If you continue the $AP$ so that it meets $BC$ at $D$ you get that angle $DBP$ = $BPD$ therefore triangle $BDP$ is isosceles but I don’t know what to do next, hints and solutions would be appreciated
Taken from the 2009 IWYMIC
On
Let $\angle APC = \alpha$ and use the sine rule for the triangles ABP and ACP with the common side AP,
$$\frac{BP}{CP}=\frac{\sin(158-\alpha)}{\sin 8} \tag{1}$$
where $\angle ACP = 180 - 22 - \alpha = 158 - \alpha$ is used. Also, use the sine rule for the triangles BPD and CPD with the common side DP,
$$\frac{BP}{CP}= \frac{ \sin(\alpha-60)}{\sin 30}\tag{2}$$
where $\angle PCD = \alpha - \angle PDC = \alpha - (30+\angle BPD) = \alpha - 60$ is used. Combine (1) and (2) to get
$$\sin(158-\alpha)=2\sin 8 \sin(\alpha -60)$$
Rewrite both sides as,
$$\cos(\alpha-68)=\cos(68-\alpha)-\cos(\alpha-52)$$
which yields $\cos(\alpha - 52) = 0$, or $\alpha = 90+ 52 = 142$. Thus, $$\angle APC = 142^\circ$$
Here is a geometric derivation:
1) Construct CQ $\perp$ AD and connect QD.

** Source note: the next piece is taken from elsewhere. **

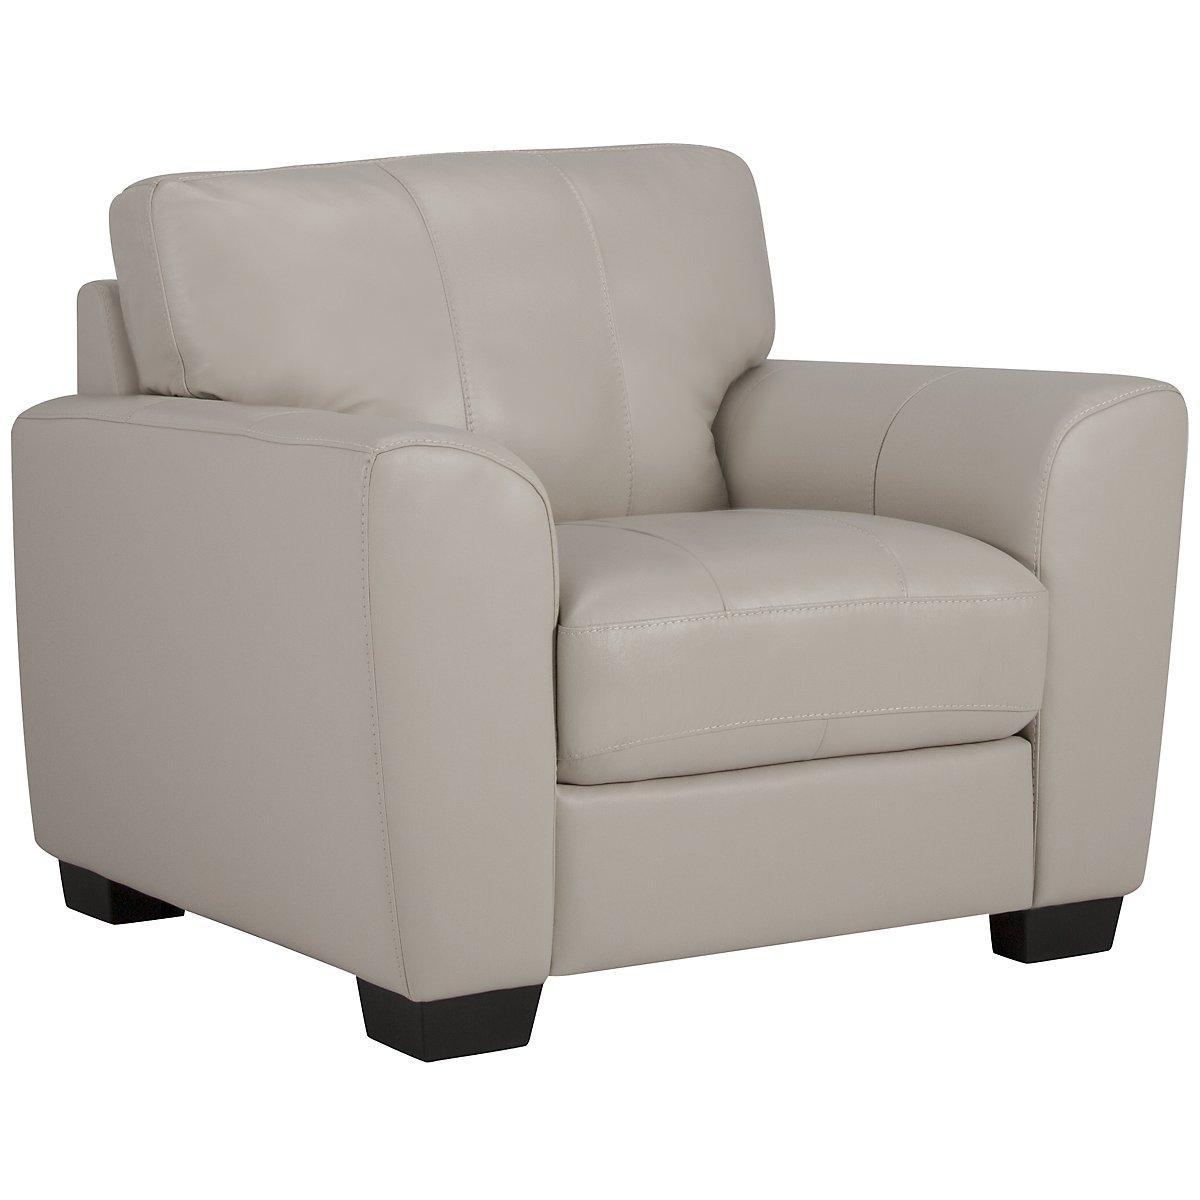 Fallon Light Gray Leather & Vinyl Chair

2) Because the right triangles AQX and ACX share the side AX and $ \angle QAX = \angle CAX=22$, they are congruent. In turn, the triangles QDX and CDX are congruent, which yields
$$QD = DC\tag{1}$$
3) $\angle PBD = \angle BPD = 30$ makes the triangle PBD isosceles and,
$$ \angle PDC = \angle PDQ = \angle QDB = 60; \>\>\>\>\>BD = DP\tag{2}$$
4) Because of (1) and (2), the triangles BDQ and PDC are congruent, which yields,
$$\angle CPD = \angle QBD = 38$$
As a result,
$$\angle APC = 180 - 38 = 142^\circ$$